**Problem statement:**
Set down, exactly and with no pictures, the line that contains "Stena Embla veerboot" and all lines after it in the listing.
===== Data extract
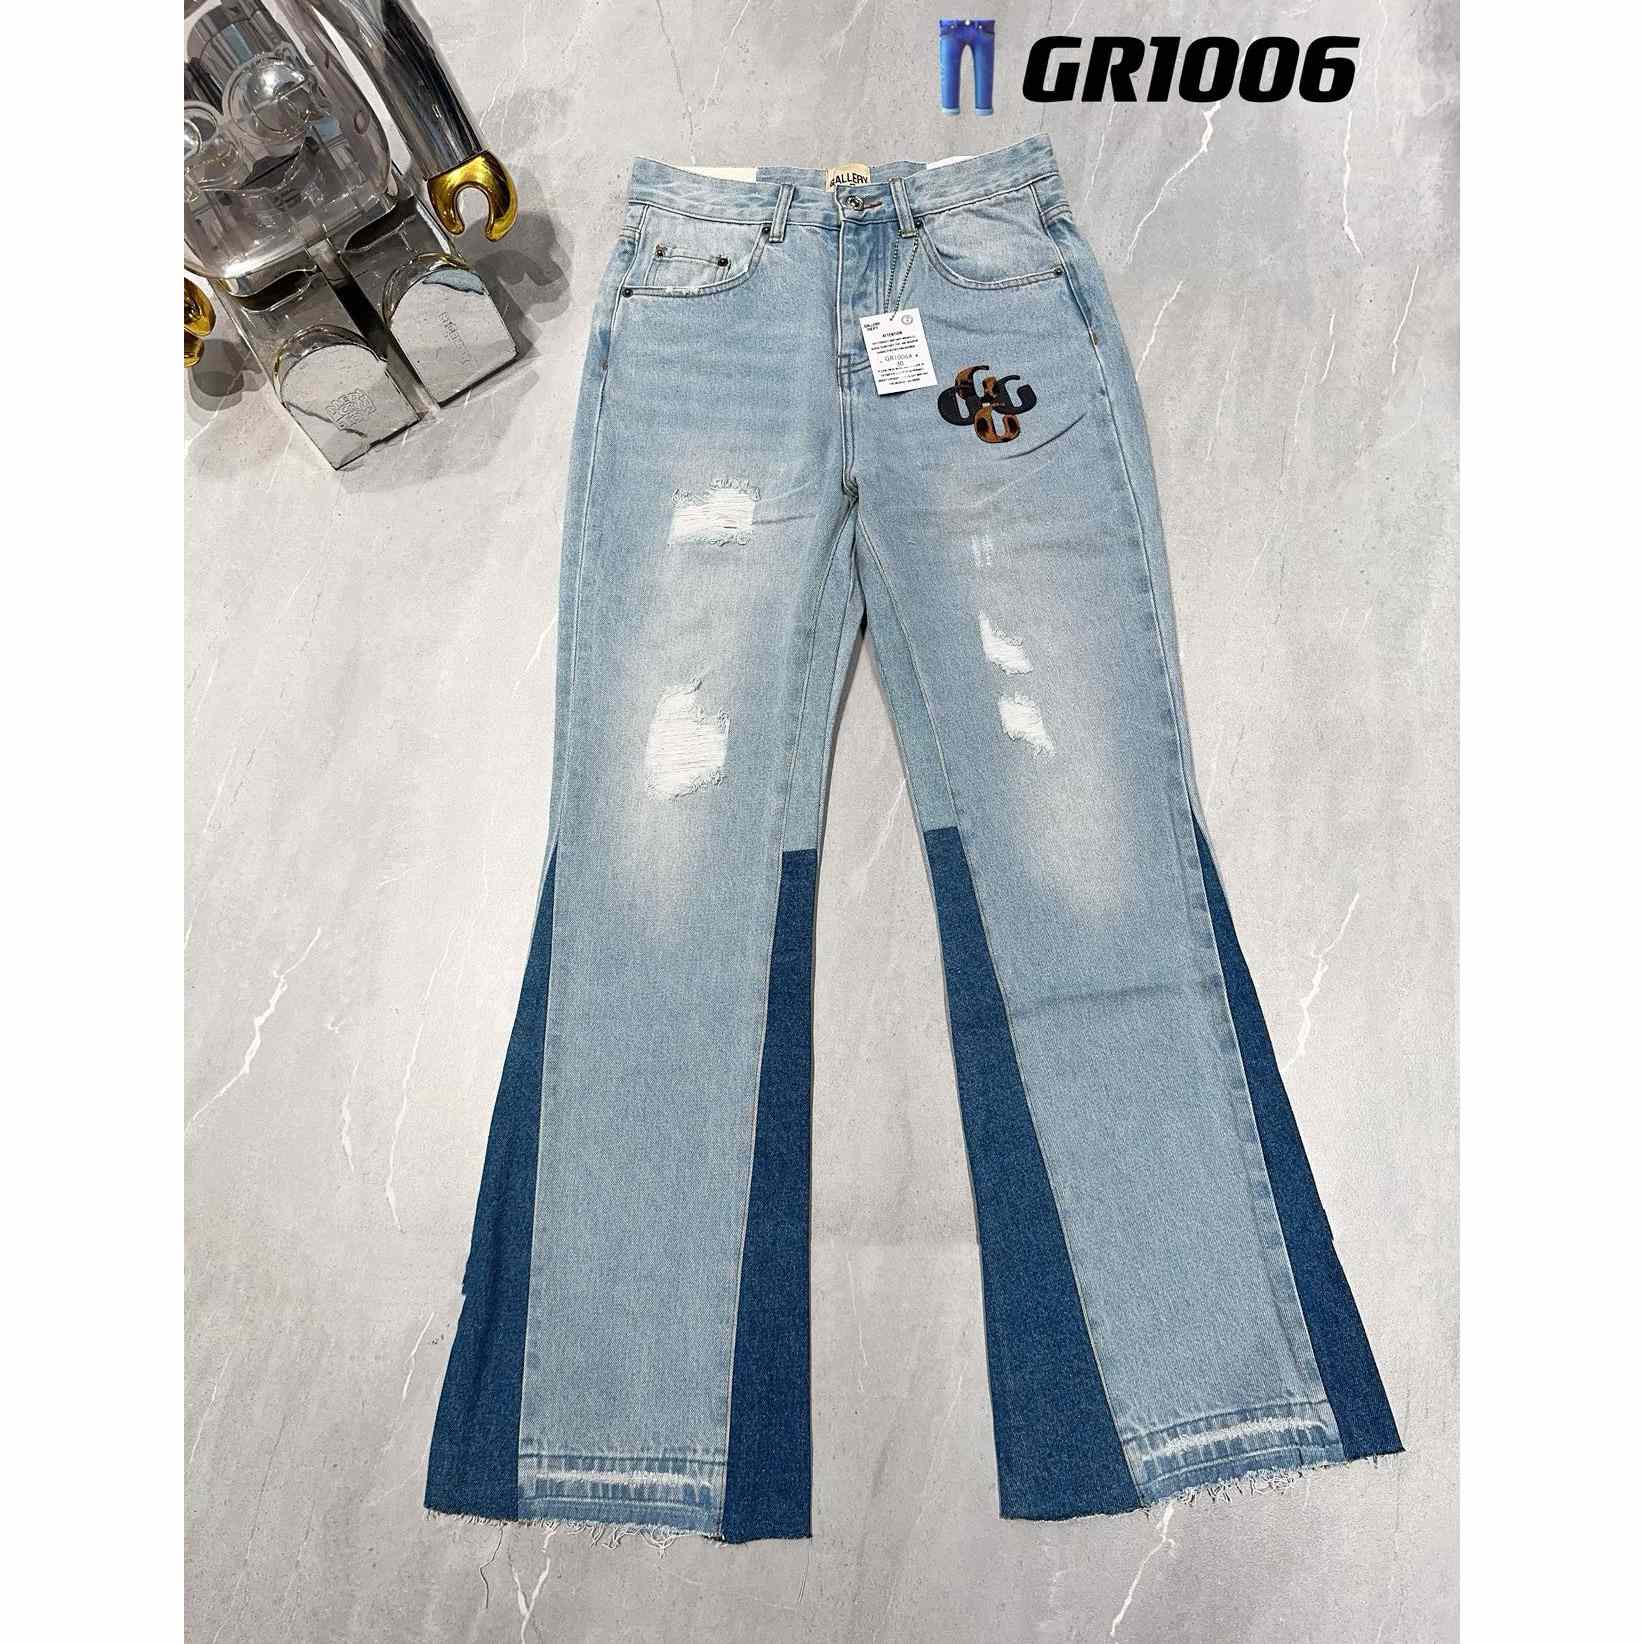 Gallery Dept. Jeans   GR1006 - DesignerGu
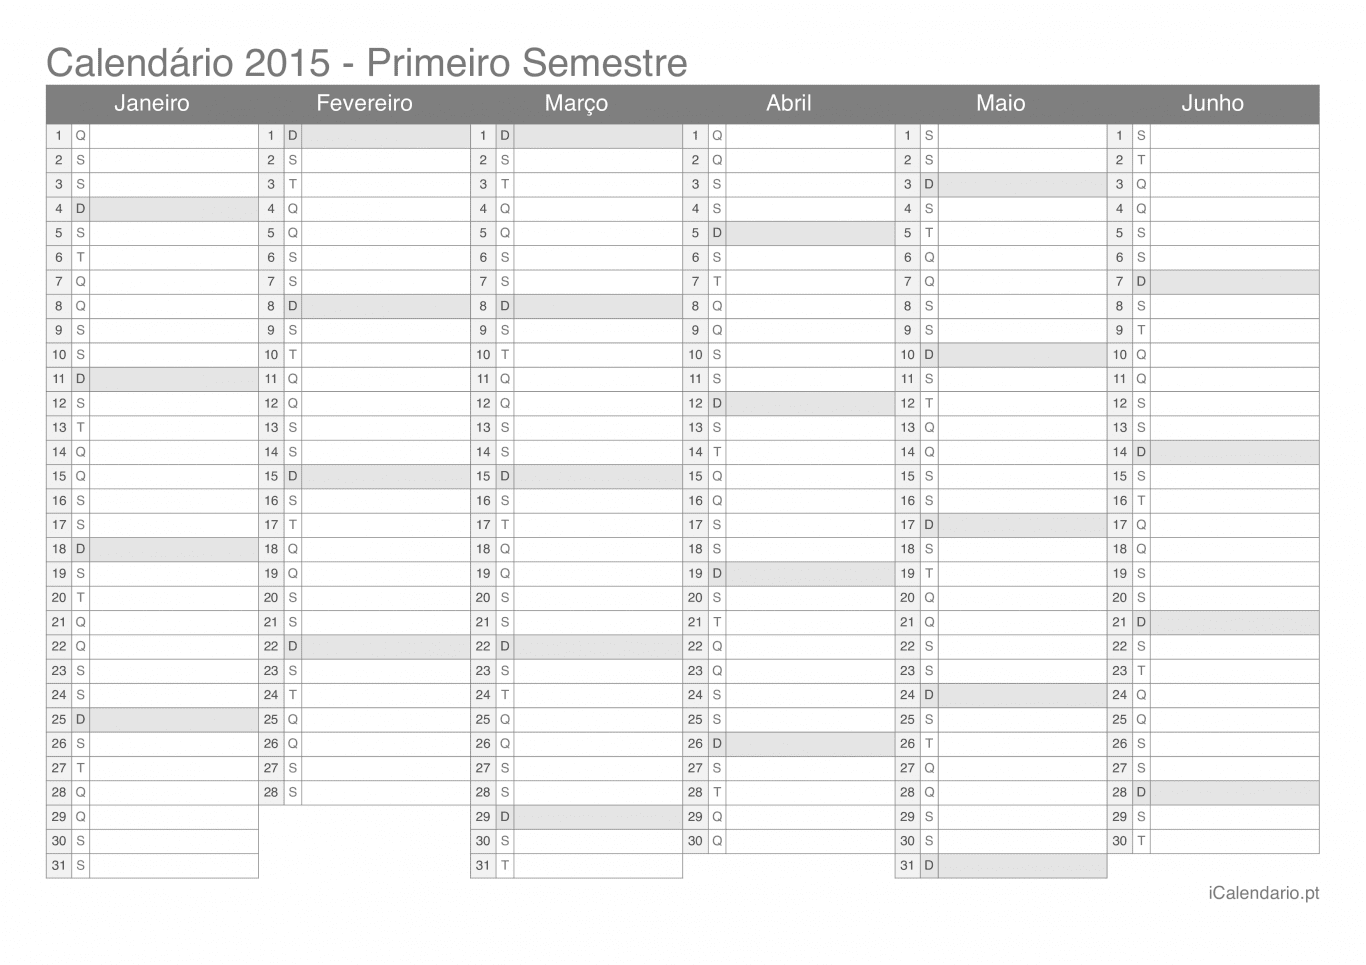 Calendário por semestre 2015
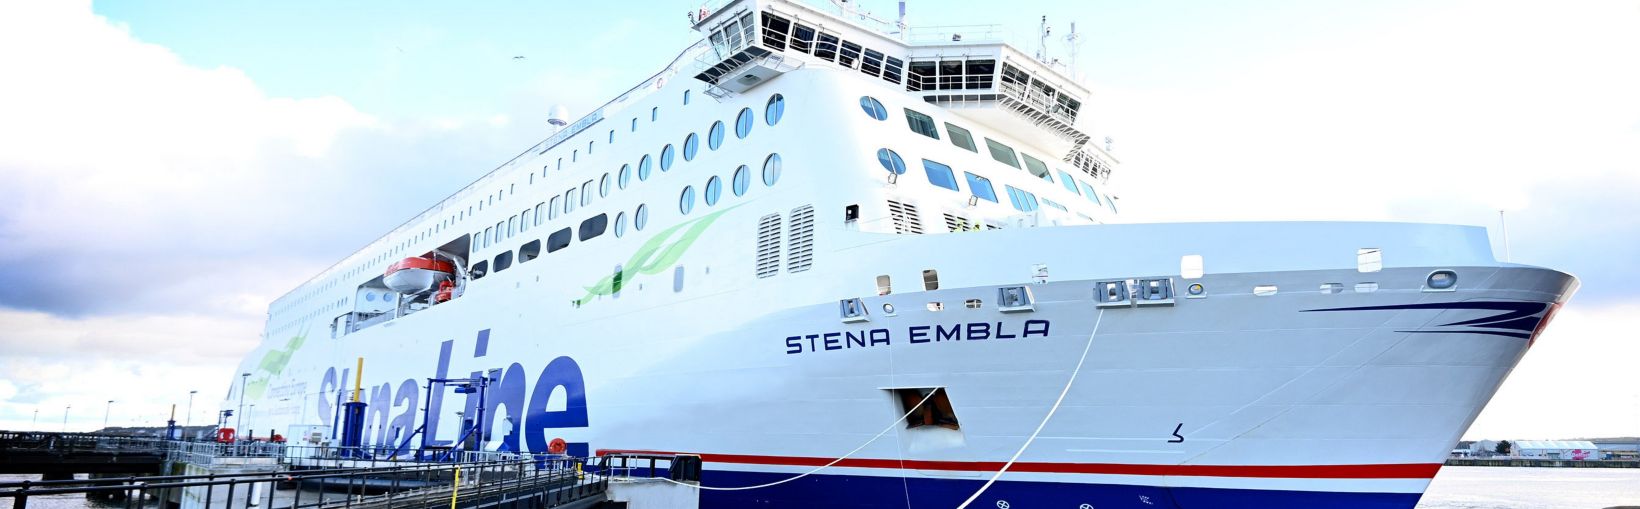 Stena Embla veerboot aangemeerd in de haven van Liverpool
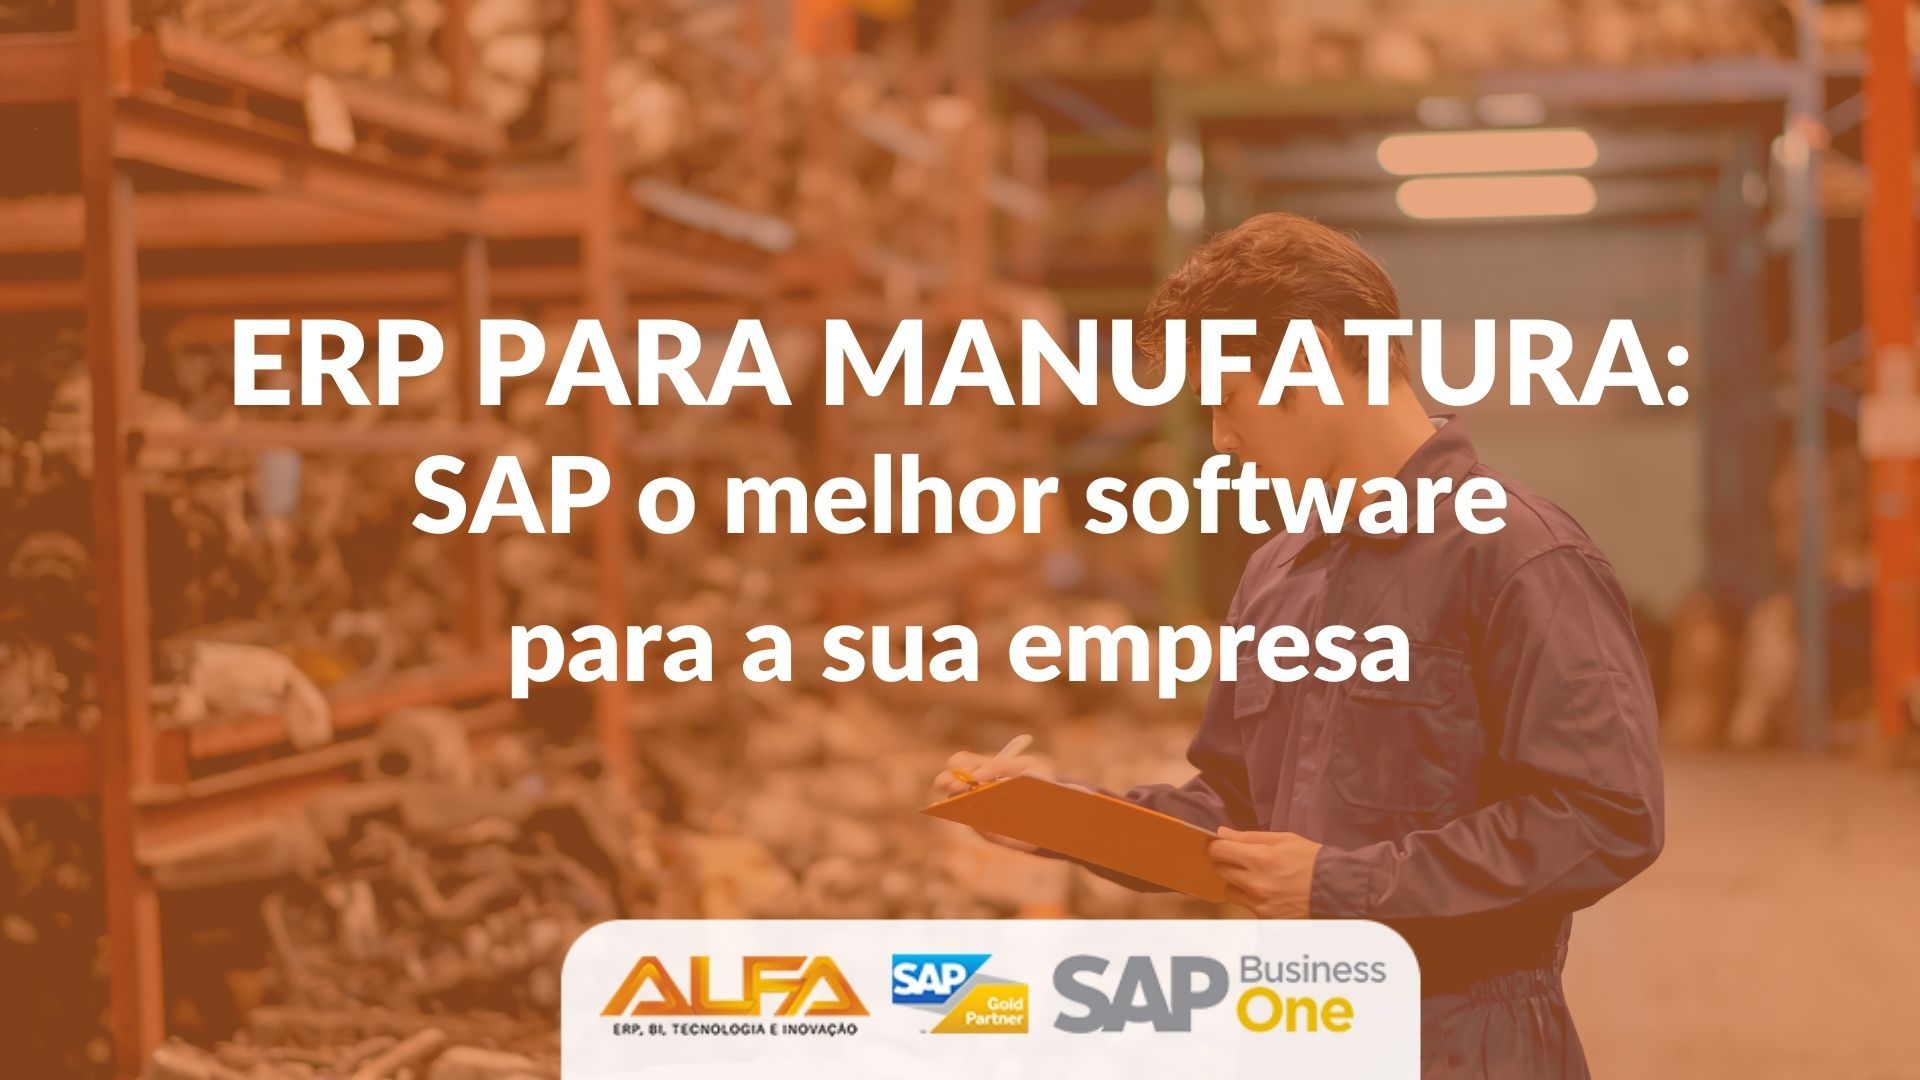 ERP para Manufatura SAP o melhor software para a sua empresa ERP para Manufatura SAP o melhor software para a sua empresa ERP para Manufatura SAP o melhor software para a sua empresa ERP para Manufatura SAP o melhor software para a sua empresa
==========
**Expected answer:**
 Stena Embla veerboot aangemeerd in de haven van Liverpool
 ERP para Manufatura SAP o melhor software para a sua empresa ERP para Manufatura SAP o melhor software para a sua empresa ERP para Manufatura SAP o melhor software para a sua empresa ERP para Manufatura SAP o melhor software para a sua empresa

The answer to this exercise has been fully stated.